Сегодня мы продолжаем совершенствовать процесс анализа, уделяя особое внимание BGI (Stereo-seq).

iTME, который рассекает ткани клеточного окружения (CN) на основе клеточного состава

Большая часть программного обеспечения с открытым исходным кодом для анализа межклеточных связей разработана на основе экспрессии генов или расстояния между клетками без учета расстояния межклеточного взаимодействия.
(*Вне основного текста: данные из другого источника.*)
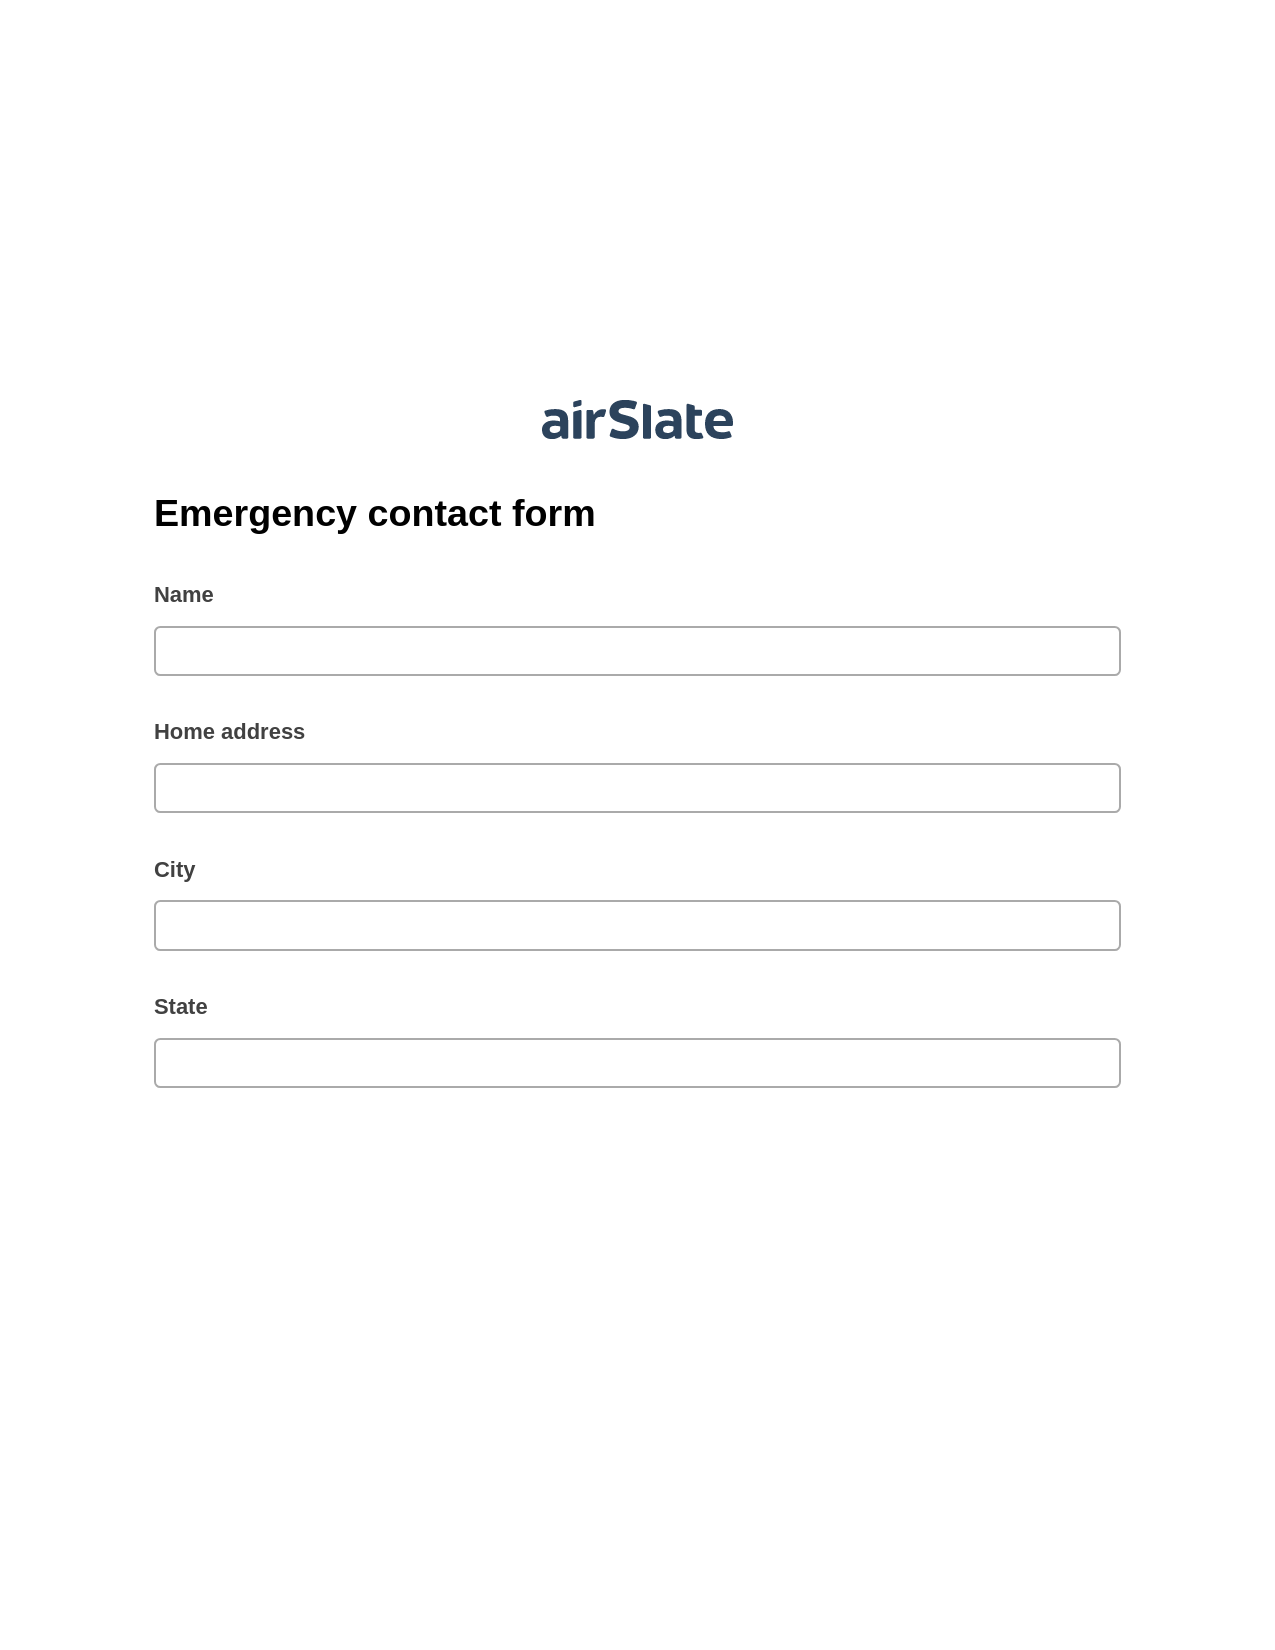 Multirole Emergency contact form Pre-fill Dropdown from Airtable, Update MS Dynamics 365 Records Bot, Post-finish Document Bot
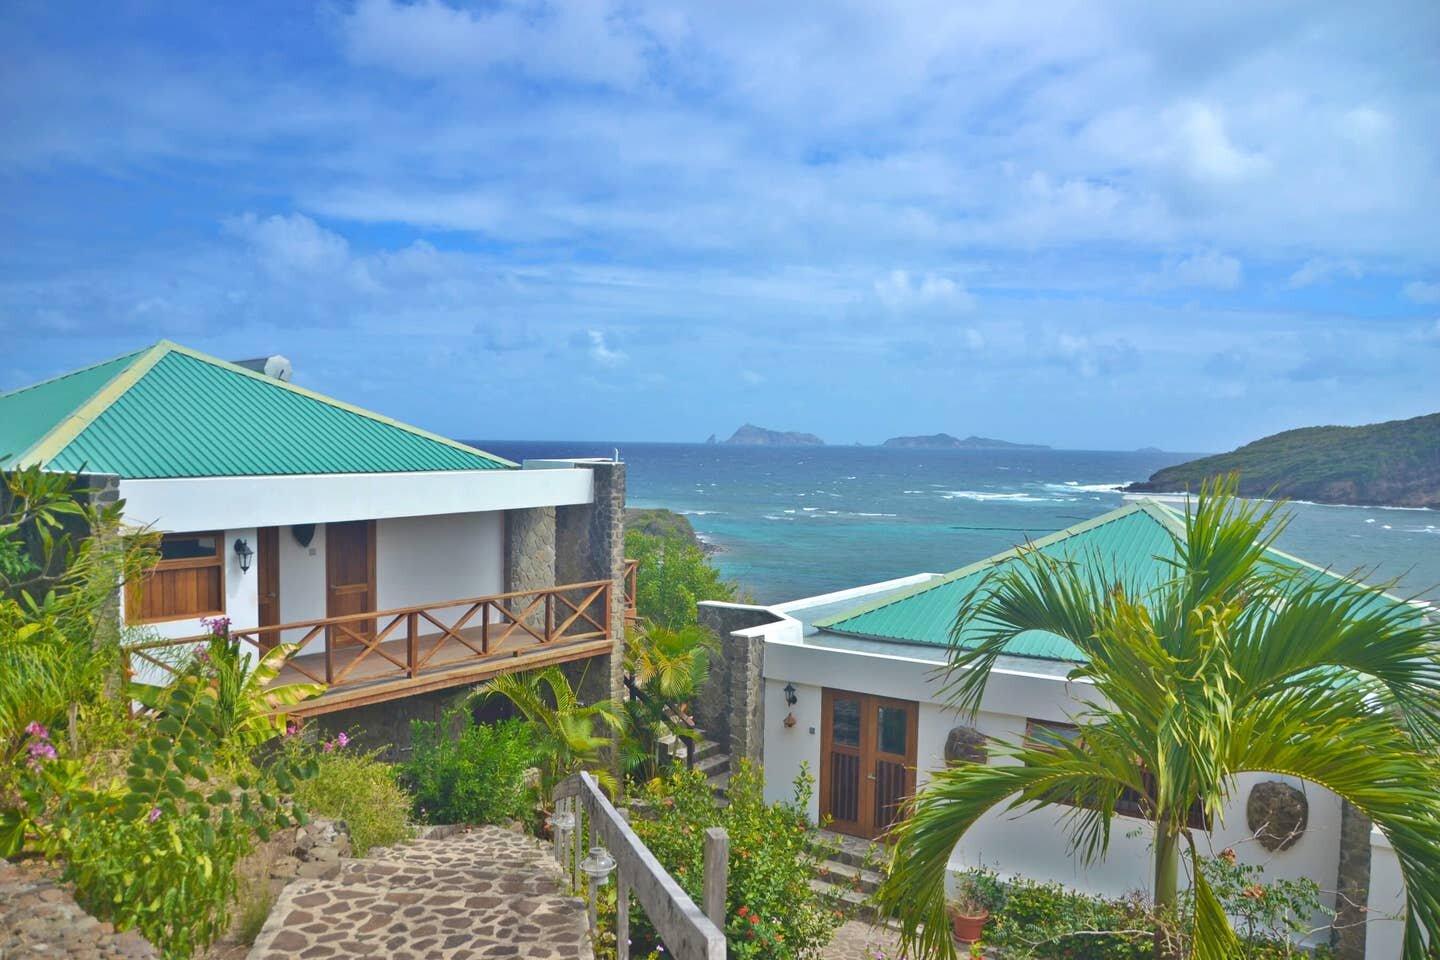 Crown-Point-House-Bequia-view-from-above.jpg

Выявление глубокой пространственной ковариации межклеточной коммуникации, вызванной гетерогенным пространственным ТМЭ.

Структура анализа

1. Сначала выполните анализ соседства ячеек. 2. Анализировать пространственное взаимодействие между клетками и обнаруживать активные пары L-R путем количественного определения пространственной близости и силы взаимодействия между клетками и генами. 3. Построить метамодули TME на основе нескольких образцов и в то же время проанализировать модули пространственного взаимодействия, связанные с этими модулями TME и метамодулями.

Декодирование iTME в организационные единицы клеточного окружения (CN)

Сила пространственного взаимодействия ячеек: вывод о пространственной связи между ячейками

Профилирование микроокружения опухоли с помощью пространственной транскриптомики

Тканевые клеточные районы, связанные с TME

Деконволюция iTME для одной нейронной сети

Пример кода

Язык кода:javascript
копировать
git clone https://github.com/STOmics/SCIITensor.git

cd SCIITensor

python setup.py install

Single sample analysis

Язык кода:javascript
копировать
import SCIITensor as sct
import scanpy as sc
import pandas as pd
import seaborn as sns
import matplotlib as mpl
import matplotlib.pyplot as plt
import pickle

adata = sc.read("/data/work/LR_TME/Liver/LC5M/sp.h5ad")
lc5m = sct.core.scii_tensor.InteractionTensor(adata, interactionDB="/data/work/database/LR/cellphoneDB_interactions_add_SAA1.csv")
sct.core.scii_tensor.build_SCII(lc5m)
sct.core.scii_tensor.process_SCII(lc5m, bin_zero_remove=True, log_data=True)
sct.core.scii_tensor.eval_SCII_rank(lc5m)
sct.core.scii_tensor.SCII_Tensor(lc5m)
with open("LC5M_res.pkl", "wb") as f:
    pickle.dump(lc5m, f)


# Visualization
## heatmap
sct.core.scii_tensor.plot_tme_mean_intensity(lc5m, tme_module = 0, cellpair_module = 2, lrpair_module = 4,
    n_lr = 15, n_cc = 5,
    figsize = (10, 2), save = False, size = 2, vmax=1)
factor_cc = lc5m.cc_factor.copy()
factor_cc.columns = factor_cc.columns.map(lambda x: f"CC_Module {x}")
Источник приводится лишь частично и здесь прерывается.